Despite its promising applications, critics say that it comes with at a hefty price for the environment. It’s also inefficient and impractical. In an interview with CNET, physicist and author Joseph Romm pointed out that it takes around a megawatt-hour’s worth of electricity just to make enough hydrogen to drive a fuel cell car for about 1,000 miles. That’s an inordinate amount of energy, especially considering that it only takes less than a quarter of the electricity cost to drive a gas-powered car the same distance. In addition, producing hydrogen gas requires using natural gas and high heat, a process that is detrimental to the environment. (Related: BREAKTHROUGH add-on hydrogen device boosts vehicle fuel efficiency by 20% while decreasing emissions by 80%.)
For Jiao, the associate director at UD’s Center of Catalytic Science and Technology, the idea for using electricity to split water into hydrogen gas and oxygen molecules started out from developing an efficient system to turn carbon dioxide into oxygen. That project, which received support from NASA and the National Science Foundation, had potential uses in outer space, except that they needed a better catalyst for the reaction.
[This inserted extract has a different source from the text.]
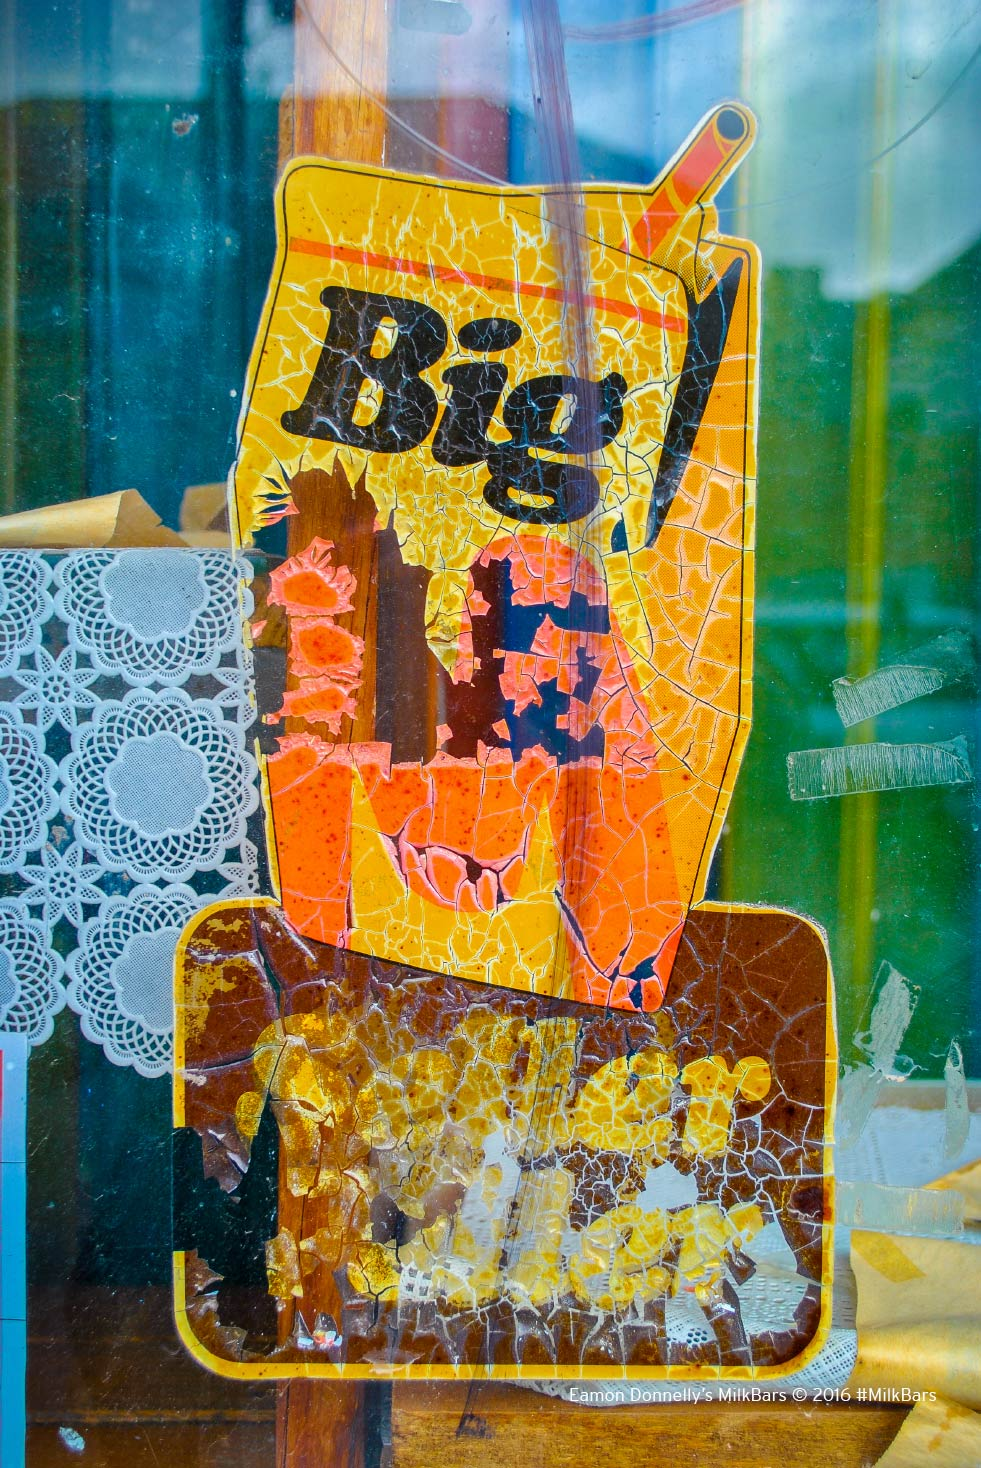 Big-M-Seller-Feller-Milk-Bar-Night-Eamon-Donnelly's-Milk-Bars-Book-Project-(c)-2001-2016.jpg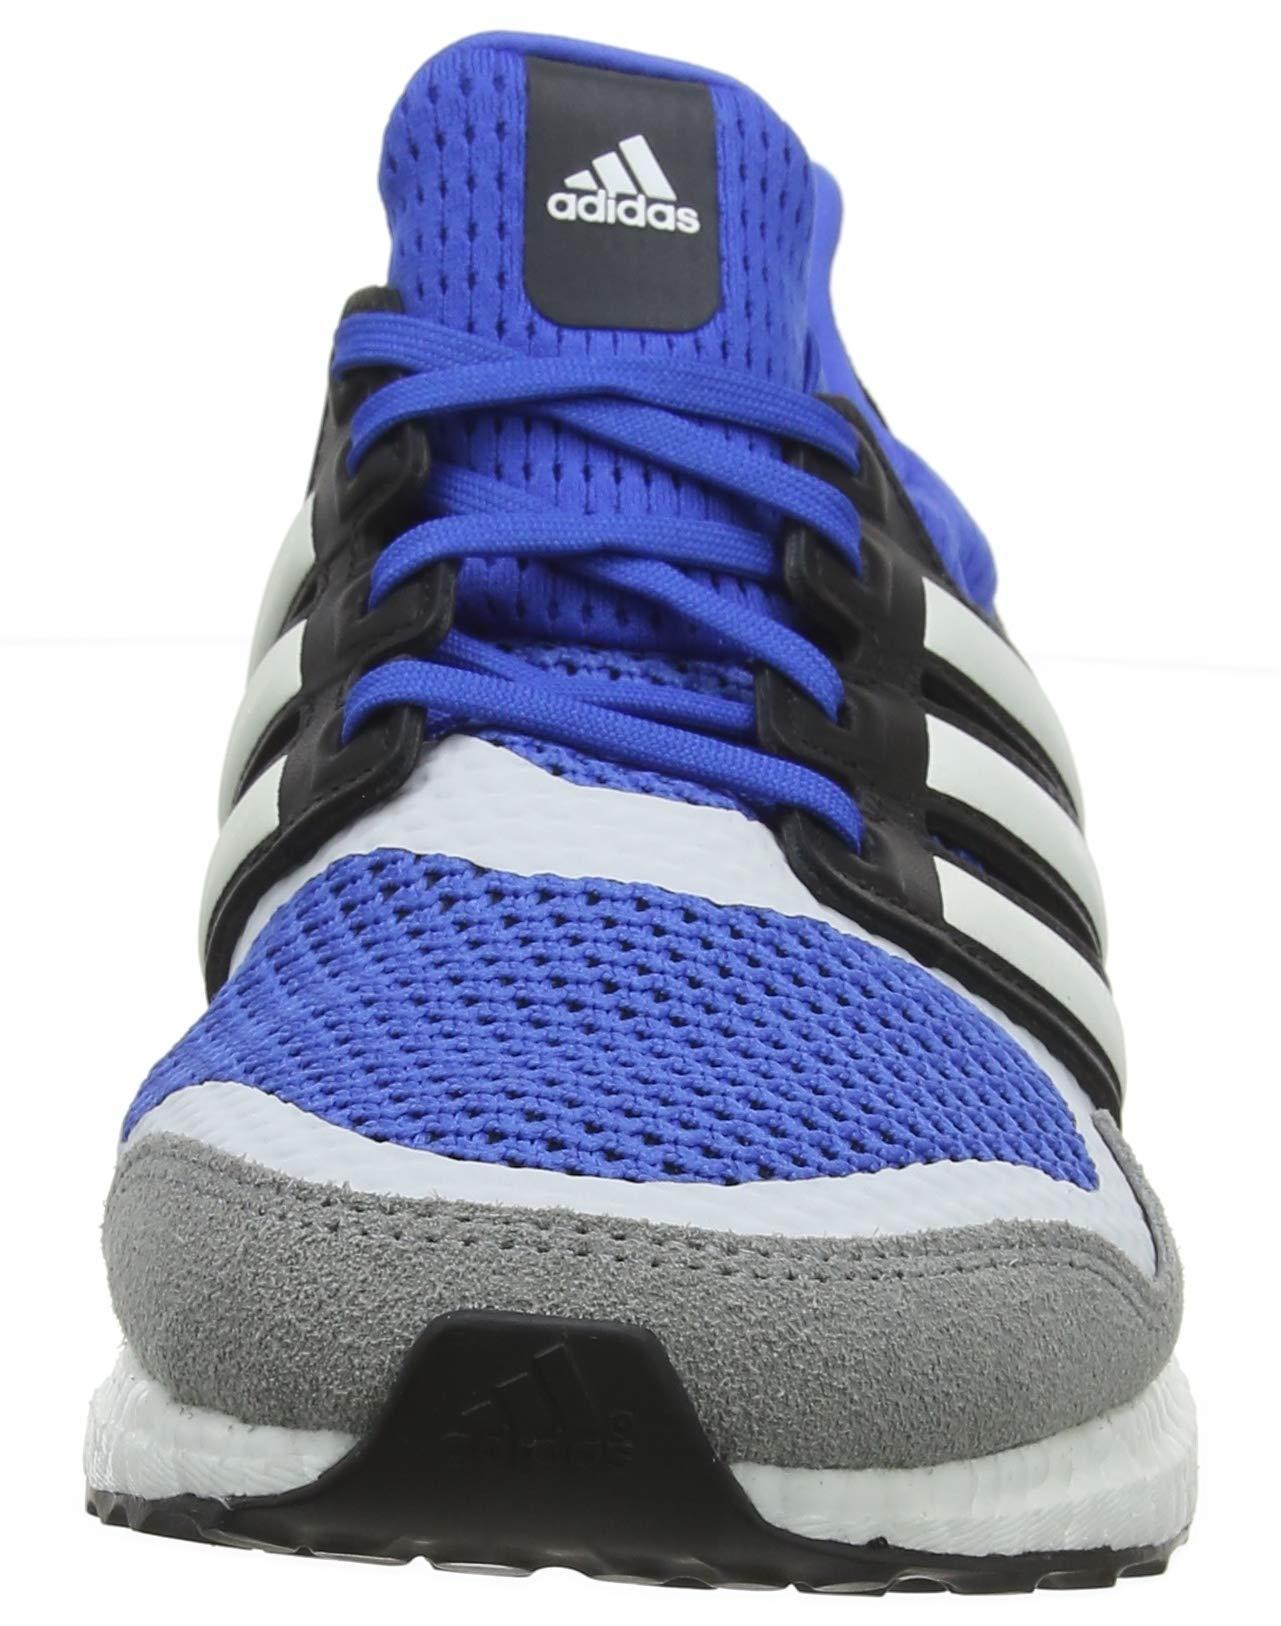 adidas Ultraboost S&l, Scarpe da Running Uomo 4 spesavip

The researchers looked at different metals and tested each, until they stumbled upon copper-titanium alloy as one of the few non-precious, metal-based catalysts capable of splitting water into hydrogen gas and oxygen, a process known as hydrogen evolution. The discovery was groundbreaking for two reasons: Both are (1) inexpensive, and (2) abundant compared to other metals used for the job, like silver or platinum.
Copper, in particular, is known for being a great conductor of both heat and electricity. However, it’s not as great when it comes to producing hydrogen – alone, that is. When titanium is added, the two metals create active sites that allow strong interactions between the hydrogen atoms and the newly improved catalyst. The researchers noted that the two metals performed at levels similar to more expensive catalysts like platinum.
“With a little bit of titanium in it, the copper catalyst behaves about 100 times better than copper alone,” explained Jiao.
Initial tests showed that the copper-titanium alloy outperforms currently used catalysts, as it extracted hydrogen from water with a rate twice as high compared to the more sophisticated platinum catalyst. It can also obtain energy using carbon dioxide, the most oxidized form of carbon and the tail-end of traditional chemical processes.
While the project is still in the laboratory phase, Jiao and his team are hopeful that future developments will see commercial use. In addition, the team is looking at even more metal combinations, in an effort to balance performance and cost.
“Once you have the technology, you can create jobs around material supply, manufacturing, and once you can build a product, you can commercialize and export it,” he added.